There's arguably no better time to buy a stock than when it's been beaten down. Doing so provides a reasonable entry point for investors willing to hold the stock for a while, which can translate to outsized returns in time. Of course, not every stock lagging the market is worth an investment. It's essential to ensure a company has the tools to recover from whatever slump it is going through before taking that step.

Finding beaten-down stocks worth buying in a bull market can be difficult, but it's not impossible. Here are two examples: Fiverr International (FVRR 3.74%) and Moderna (MRNA 1.69%). These two struggling companies are down by 36% and 43% in the past 12 months, respectively. But they can still deliver excellent returns in the next decade.

1. Fiverr International

Fiverr's platform helps connect freelancers to businesses that need their services. The company's name comes from the starting price, $5, for the jobs on its website. It also points to one reason Fiverr has been successful: Businesses can hire talented freelancers, who are relatively cheap, to complete specific jobs. That beats having to go through the process of onboarding employees who are eligible for all sorts of benefits, a much more expensive proposition.

Still, Fiverr's business slowed down in the past couple of years. Its pandemic-related tailwind ended, economic challenges hit, and revenue growth dropped. In the third quarter, Fiverr's top line of $92.5 million increased by 12.1% year over year:

FVRR Revenue (Quarterly YoY Growth) Chart

FVRR Revenue (Quarterly YoY Growth) data by YCharts.

On the bright side, Fiverr turned in net earnings per share of $0.07, much better than the net loss per share of $0.31 reported in the third quarter of 2022. The company aggressively cut costs last year.

Becoming profitable is a good step in the right direction. And for that to last, Fiverr will have to grow its top line at a good clip. Fortunately, the company has a massive addressable market it estimates at $247 billion.
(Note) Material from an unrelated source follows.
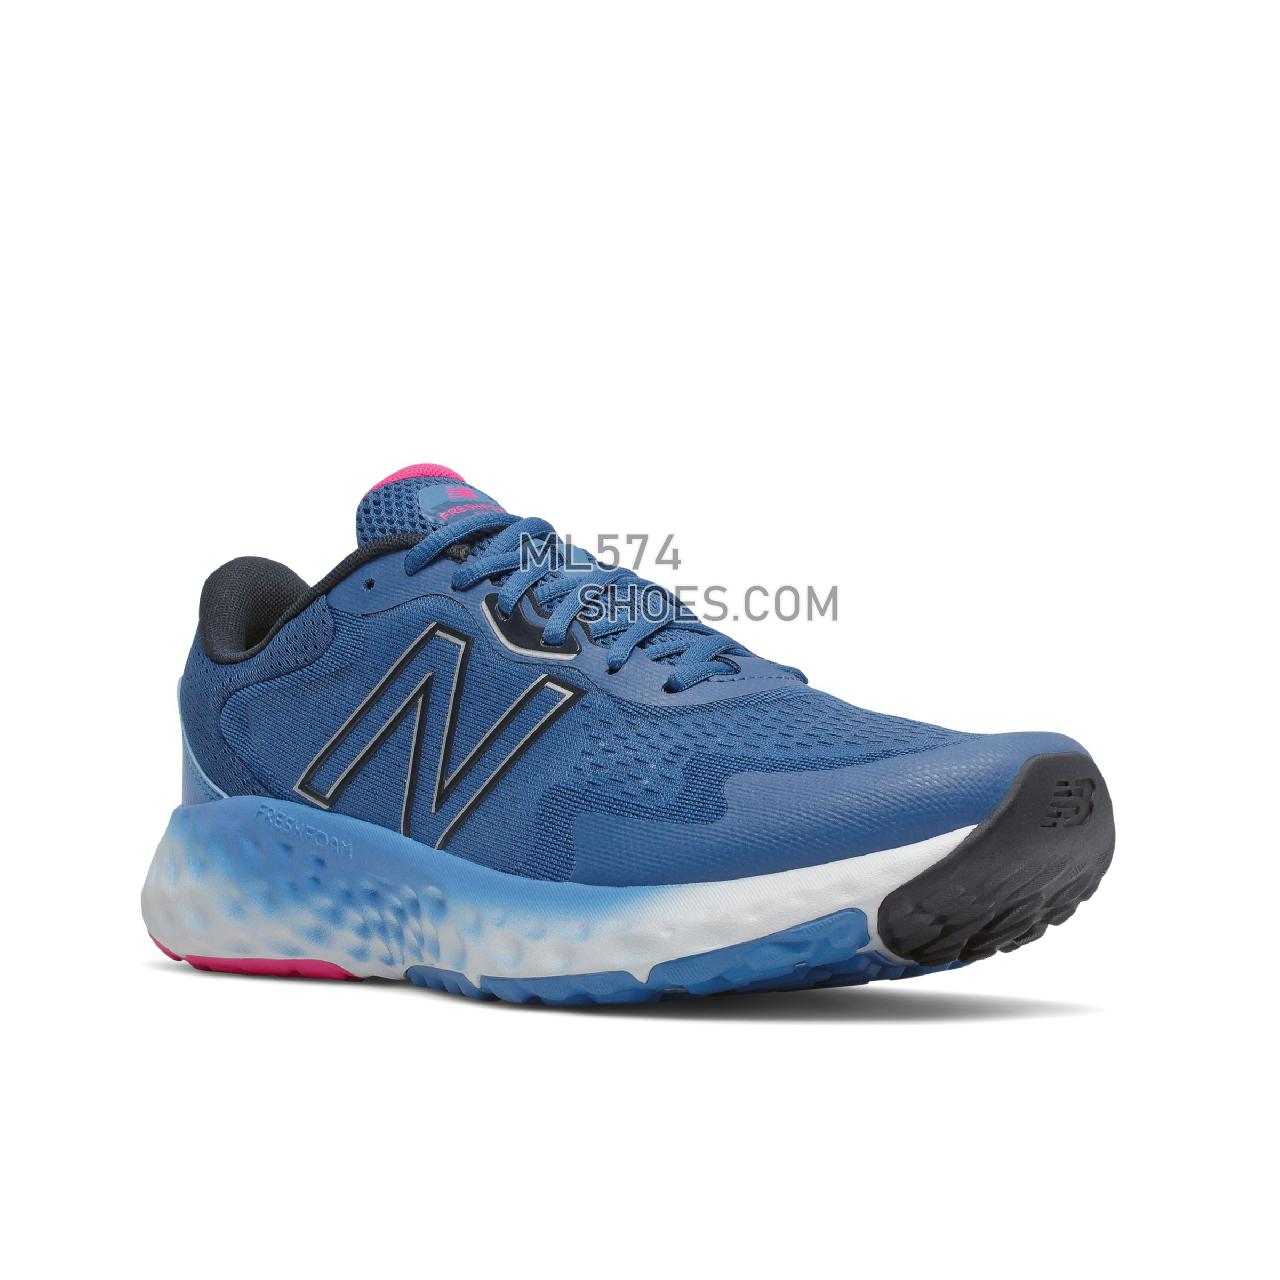 New Balance MEVOZV1 - Men's Classic Sneakers - Oxygen Blue with Pink - MEVOZCB1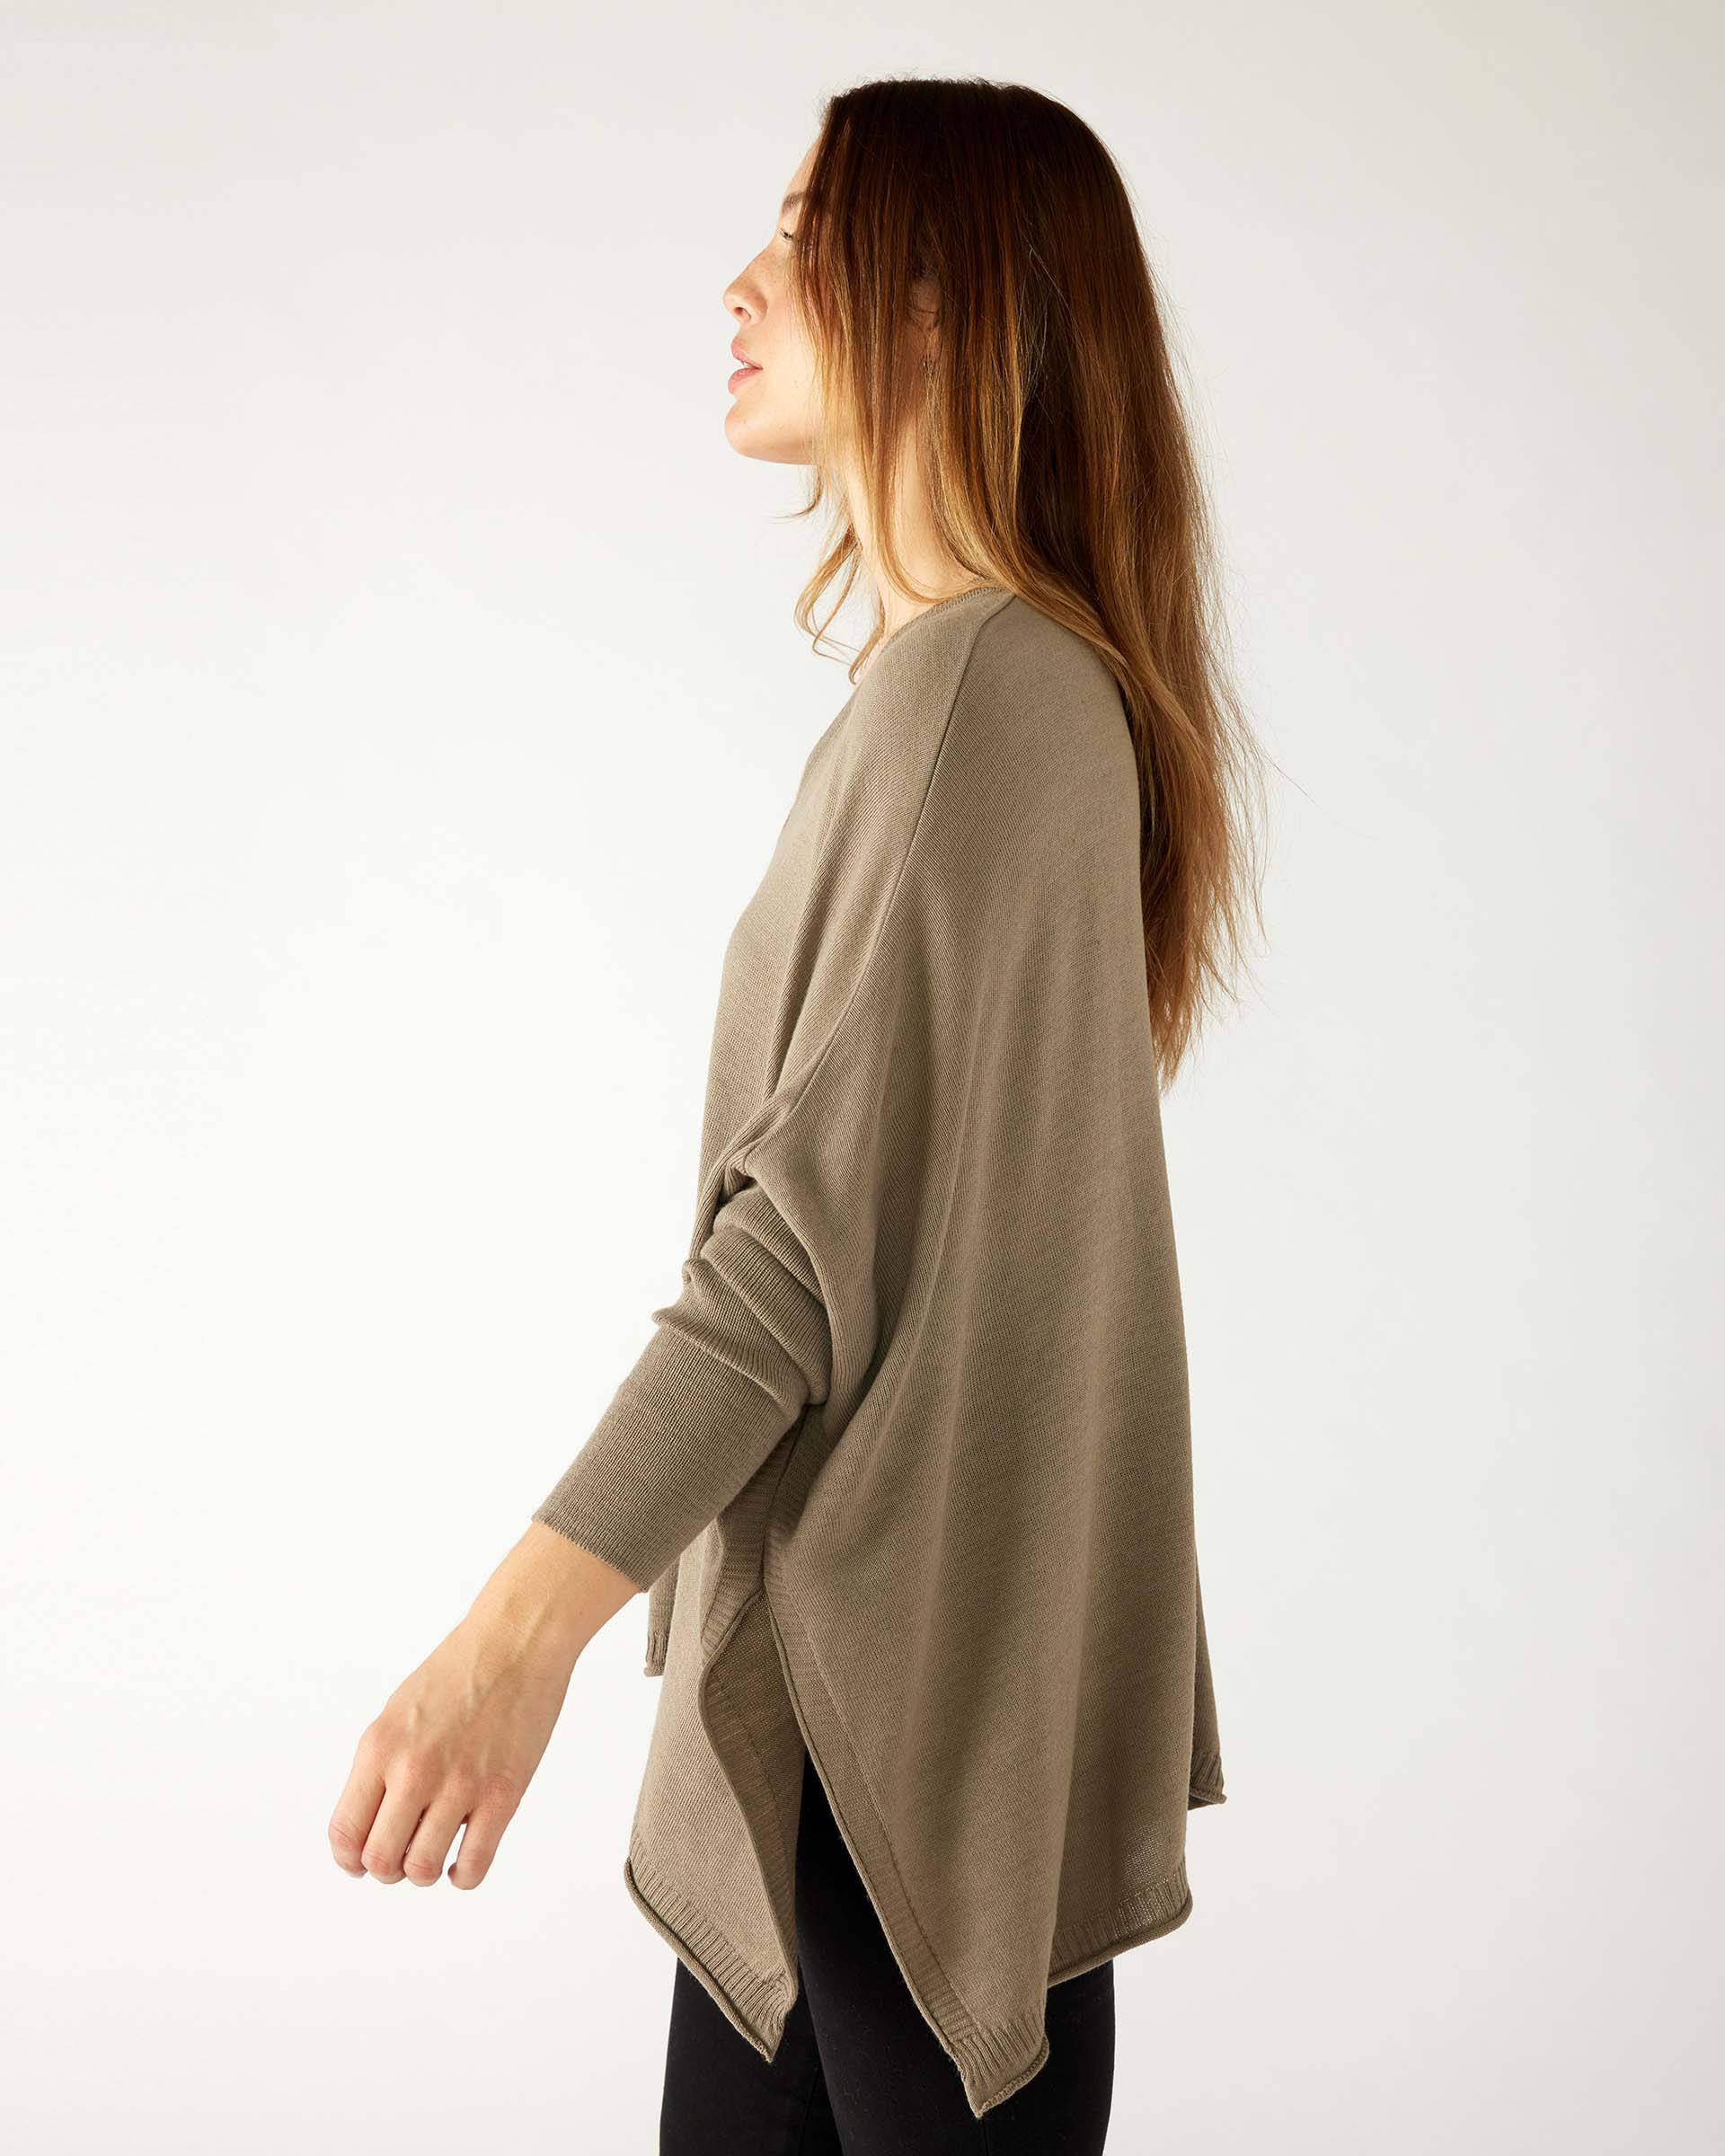 profile of woman wearing mersea catalina v-neck sweater in hazelnut color

That's because the gig economy is growing fast, and the rest of the world is adapting. Companies such as Airbnb that provide travel arrangements are increasingly accommodating long-term stays (28 days or more), which are growing in part because of people traveling while working remotely. Fiverr competes with several companies in this field, including the larger Upwork. But even capturing a comparatively small percentage of its total addressable market would help revenue soar.

Fiverr generated $353 million over the trailing 12-month period. If the company can increase that total to $2.47 billion in 10 years, its revenue would clock in a compound annual growth rate of 21.5%. Given Fiverr's network effect, the tech company will likely remain a leader in this niche. Delivering above-average returns in the next decade is well within the company's reach.

2. Moderna

Moderna's revenue and earnings are dropping off a cliff: Sales of its coronavirus vaccine slowed down drastically.

MRNA Revenue (Quarterly) Chart

MRNA Revenue (Quarterly) data by YCharts.

But there is hope for the biotech. Moderna is currently awaiting approval for its respiratory syncytial virus mRNA-1345, in what could be the first of many non-coronavirus approvals.

Moderna has two other promising programs in late-stage studies. The first is mRNA-1647, a potential vaccine for cytomegalovirus (CMV). This virus is relatively harmless for healthy adults, although it can sometimes lead to complications, especially for those with weak immune systems. Another potential danger: CMV can cause birth defects in infants and is, therefore, a dangerous virus to contract during pregnancy. There are currently no CMV vaccines approved by the U.S. Food and Drug Administration.

Moderna is also developing mRNA-4157, a potential cancer vaccine. The biotech is testing it in a Phase 3 study in combination with Merck's Keytruda. Both vaccines could hit the market within the next three years. That could be the beginning of a long string of approvals, given the biotech's deep pipeline.

Moderna's phase 2 pipeline features more than half a dozen programs. There are many more in Phase 1 studies. In the next few years, expect the company to make significant clinical progress with these early stage programs.

But even before that, the biotech expects to return to top-line growth next year and to break even on the bottom line in 2026. In short, Moderna may be struggling right now, but it remains an attractive biotech stock to buy.